(WHAT YOU SHOULD DO):
Could you retype the lines below, starting at the line holding "Printed georgette dress" and stopping at the line holding "Таня Брык –", inclusive? Copy them exactly and drop the images.

(INPUT RECORDS):
--- START ---

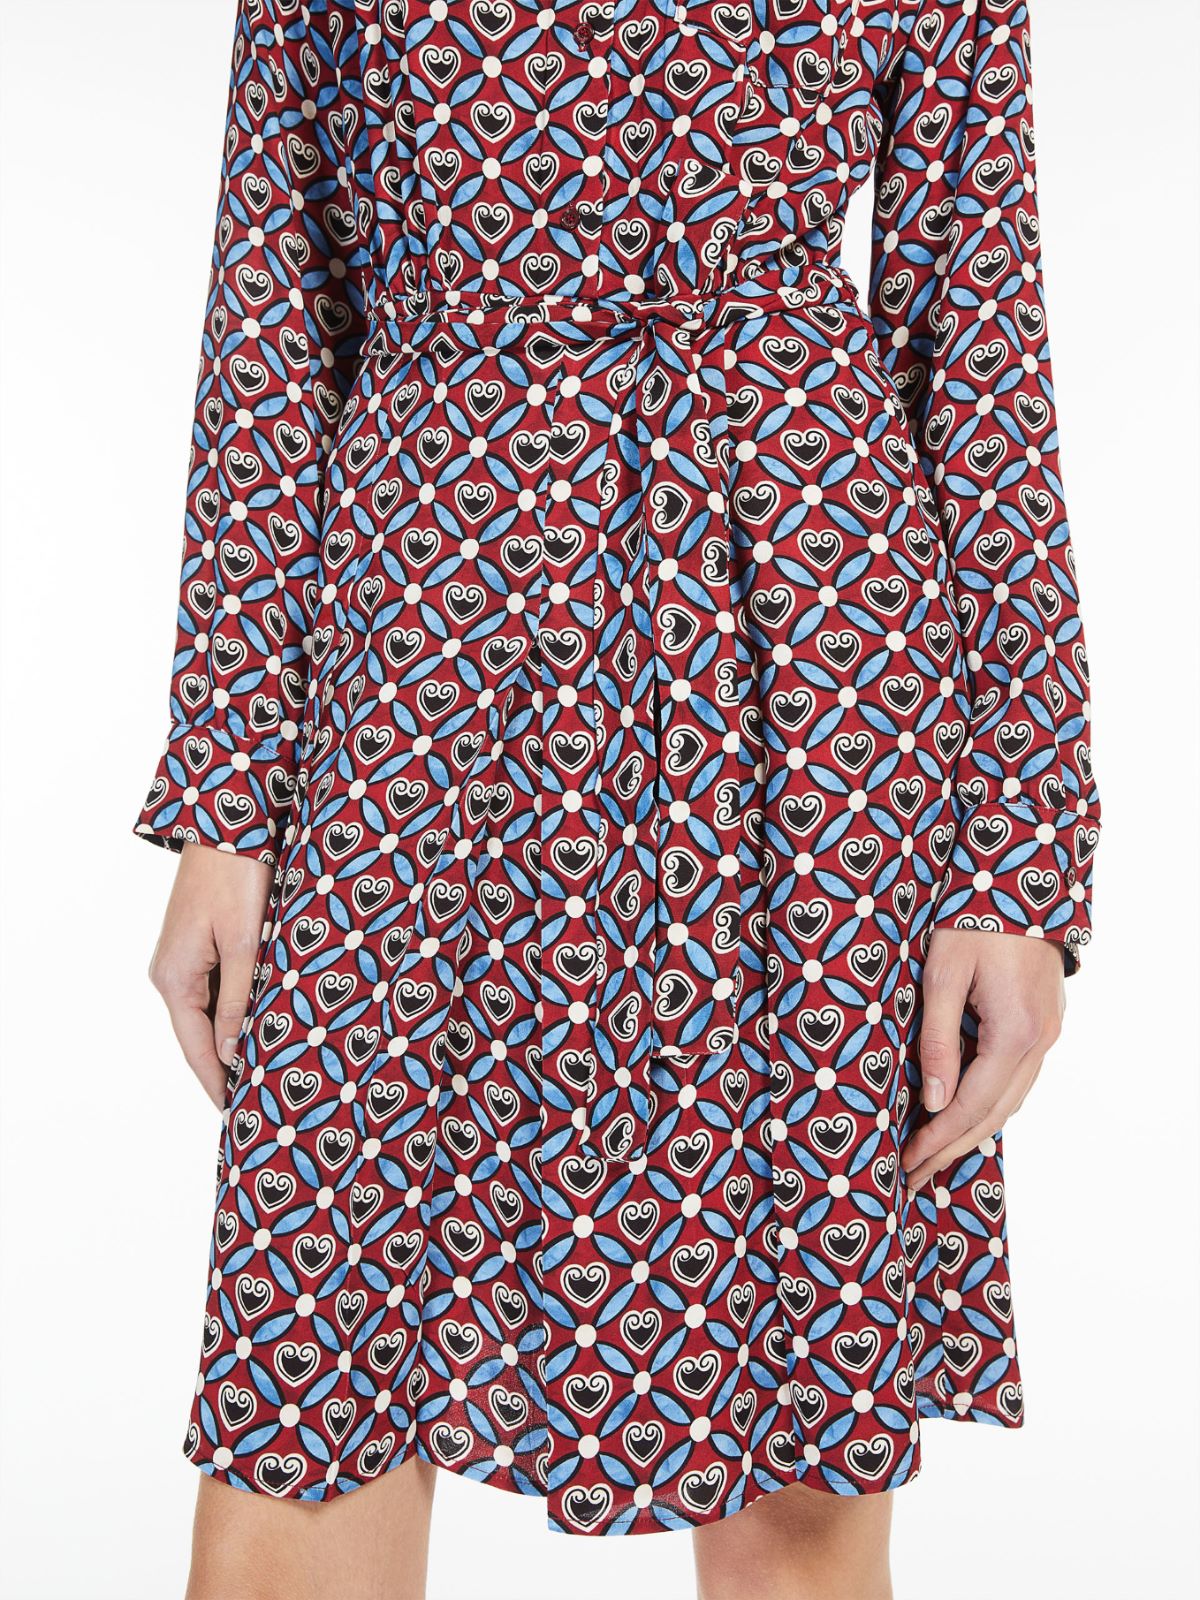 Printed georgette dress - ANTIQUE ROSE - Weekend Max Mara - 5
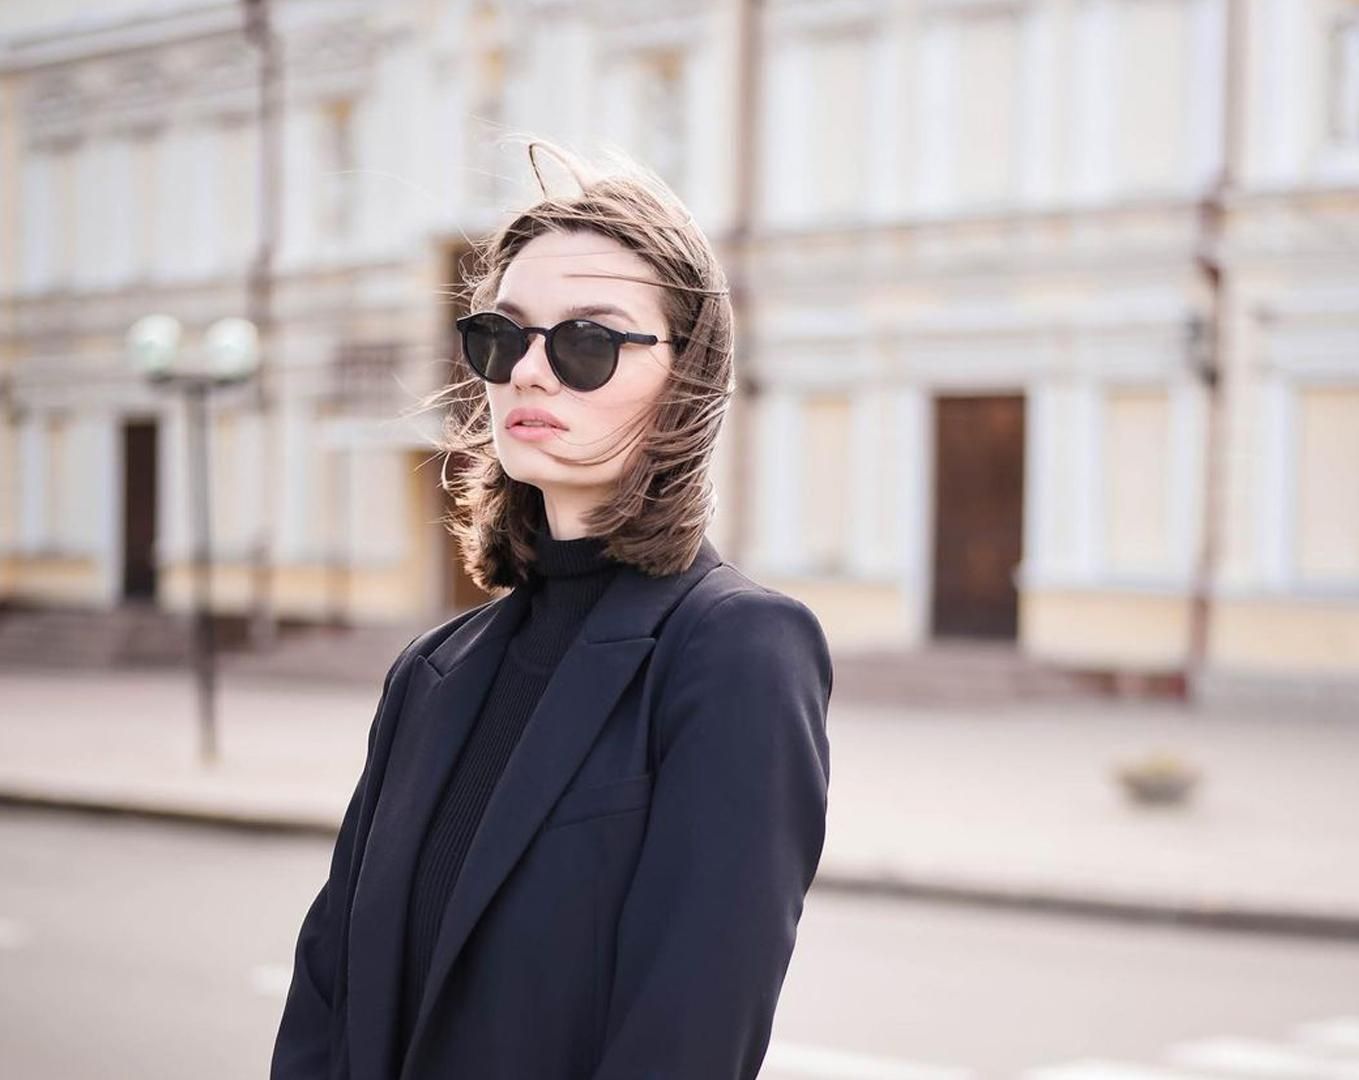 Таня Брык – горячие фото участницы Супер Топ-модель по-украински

--- END ---
--- START ---

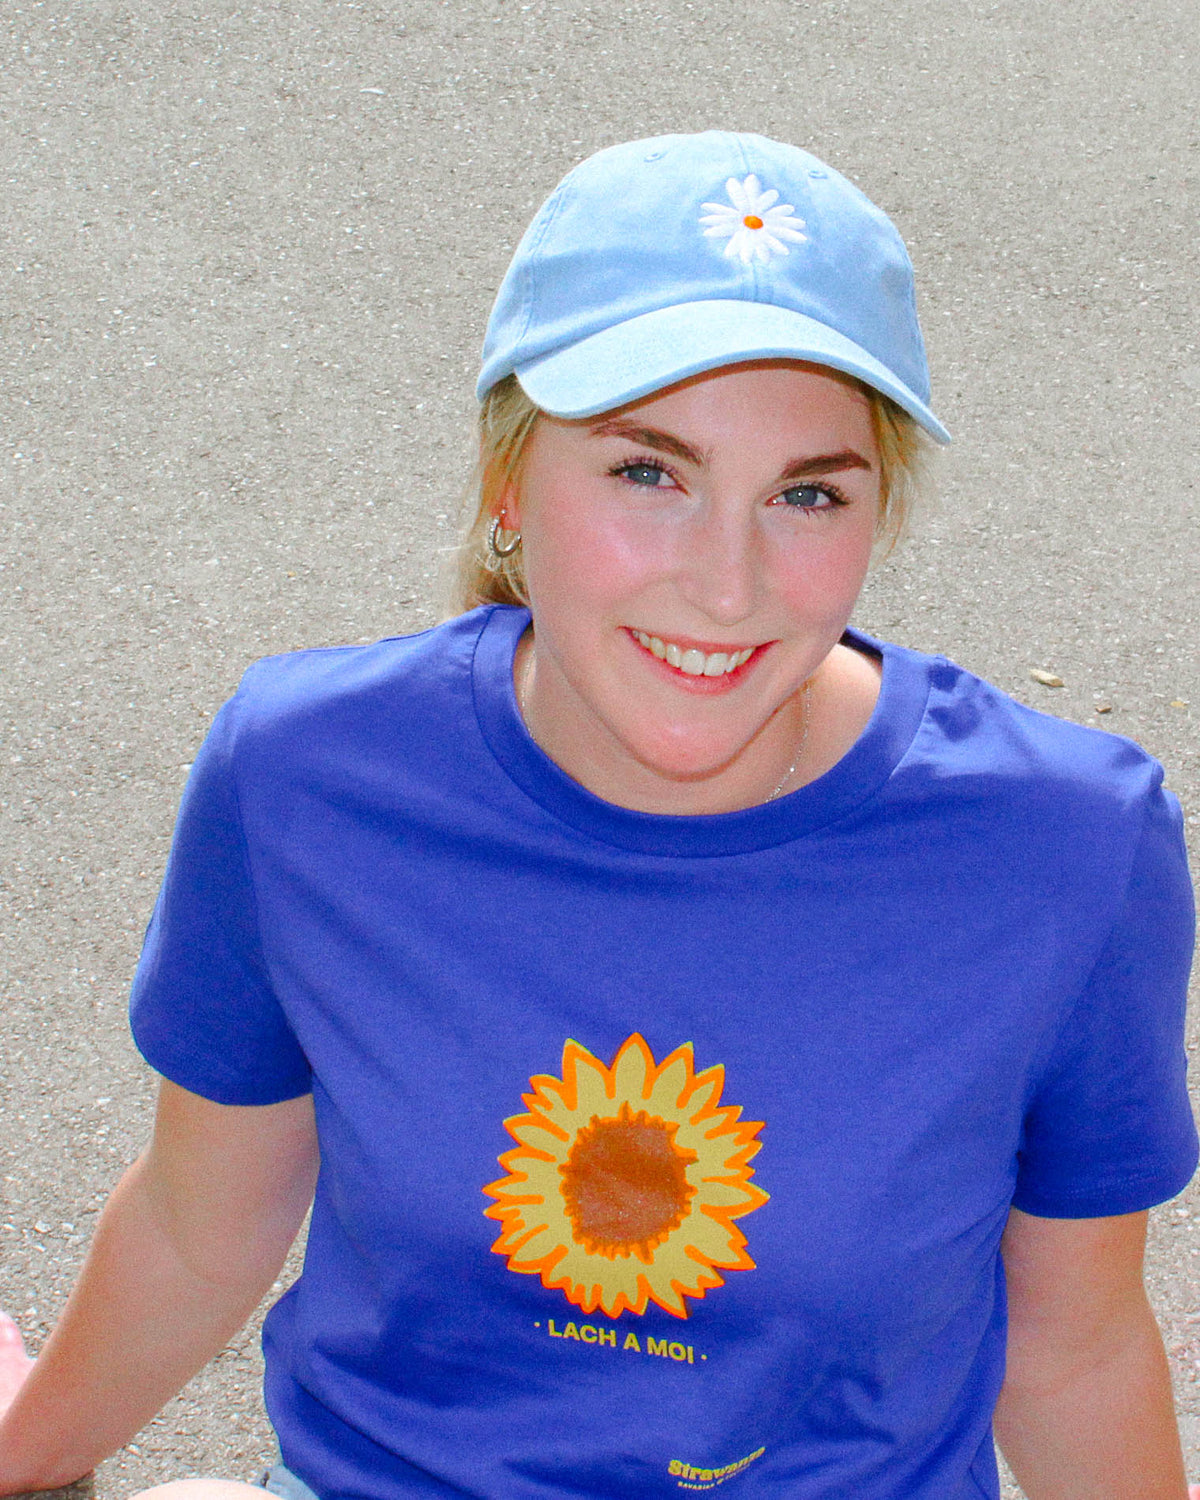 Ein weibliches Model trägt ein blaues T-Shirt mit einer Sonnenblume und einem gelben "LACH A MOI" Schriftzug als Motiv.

--- END ---
--- START ---

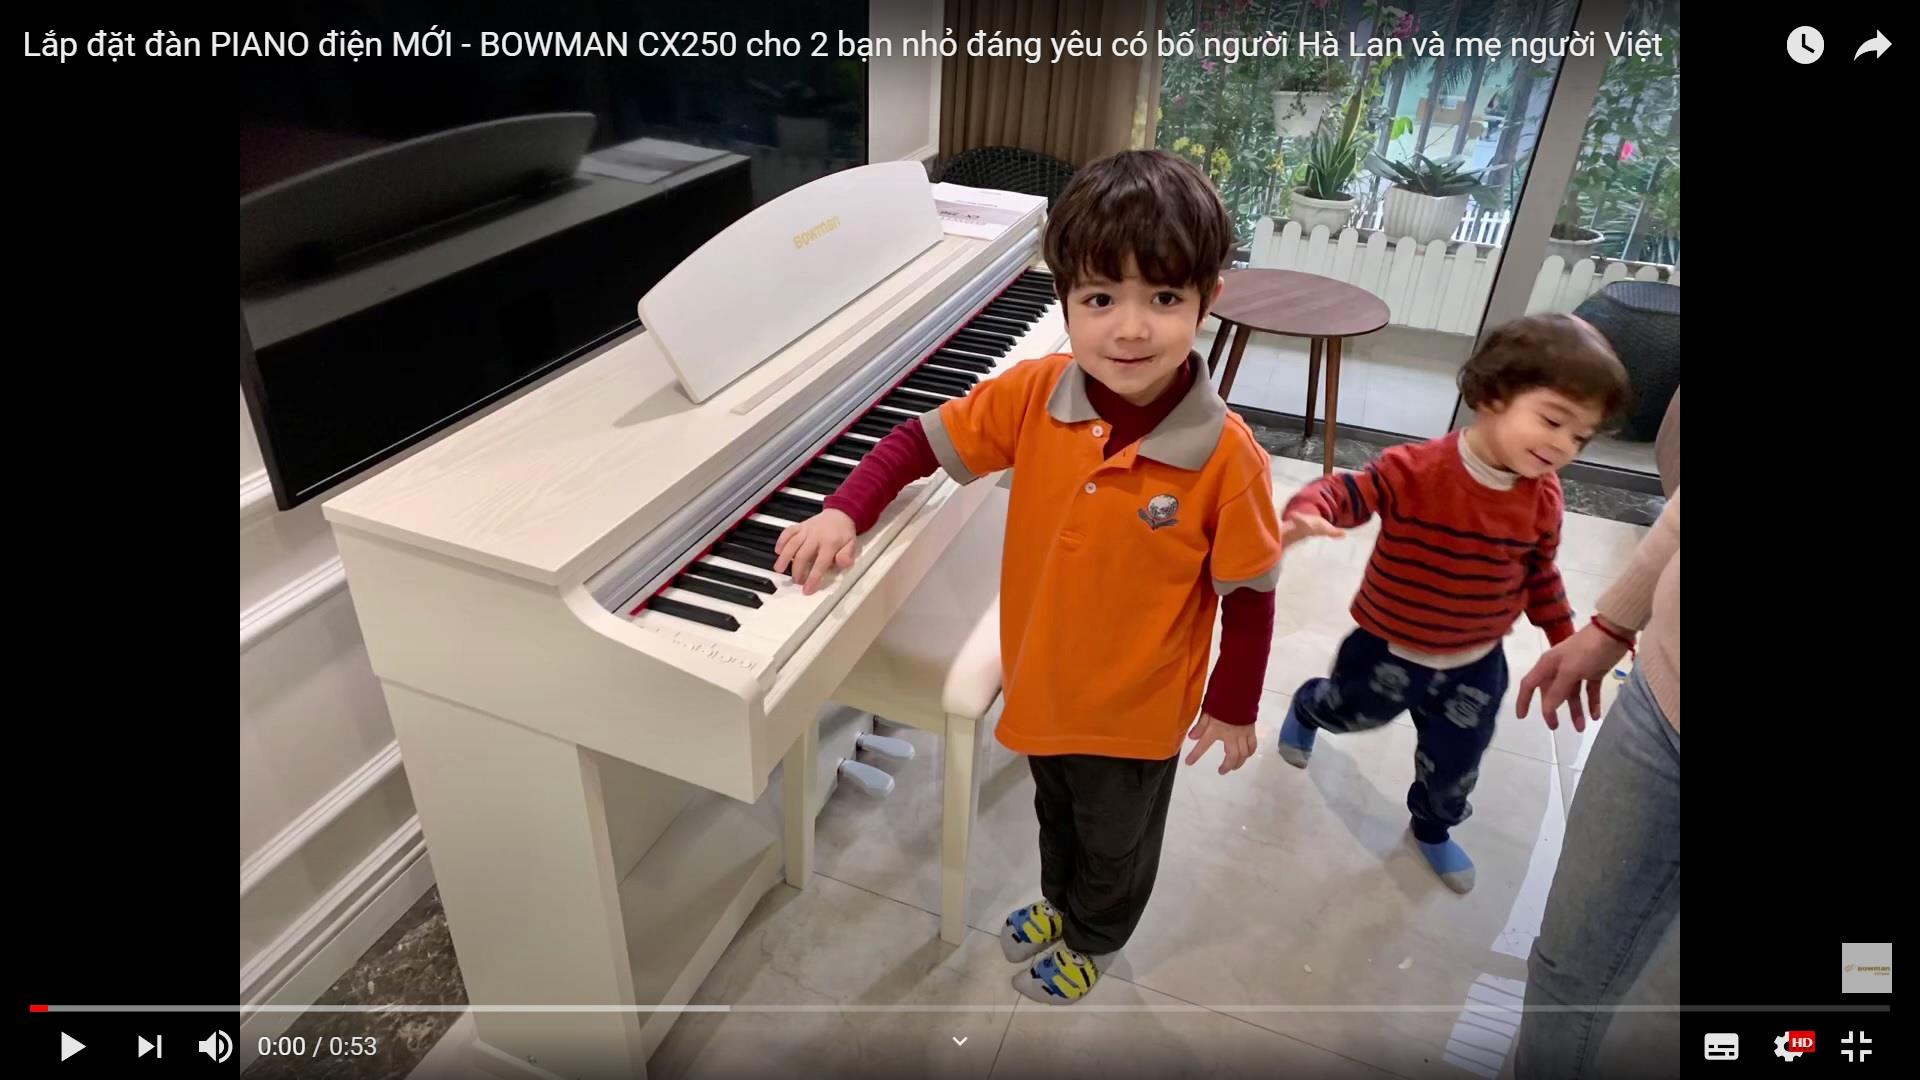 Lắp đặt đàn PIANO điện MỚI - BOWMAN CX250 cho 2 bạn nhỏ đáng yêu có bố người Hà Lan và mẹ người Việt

--- END ---

(EXPECTED ANSWER):
 Printed georgette dress - ANTIQUE ROSE - Weekend Max Mara - 5
 Таня Брык – горячие фото участницы Супер Топ-модель по-украински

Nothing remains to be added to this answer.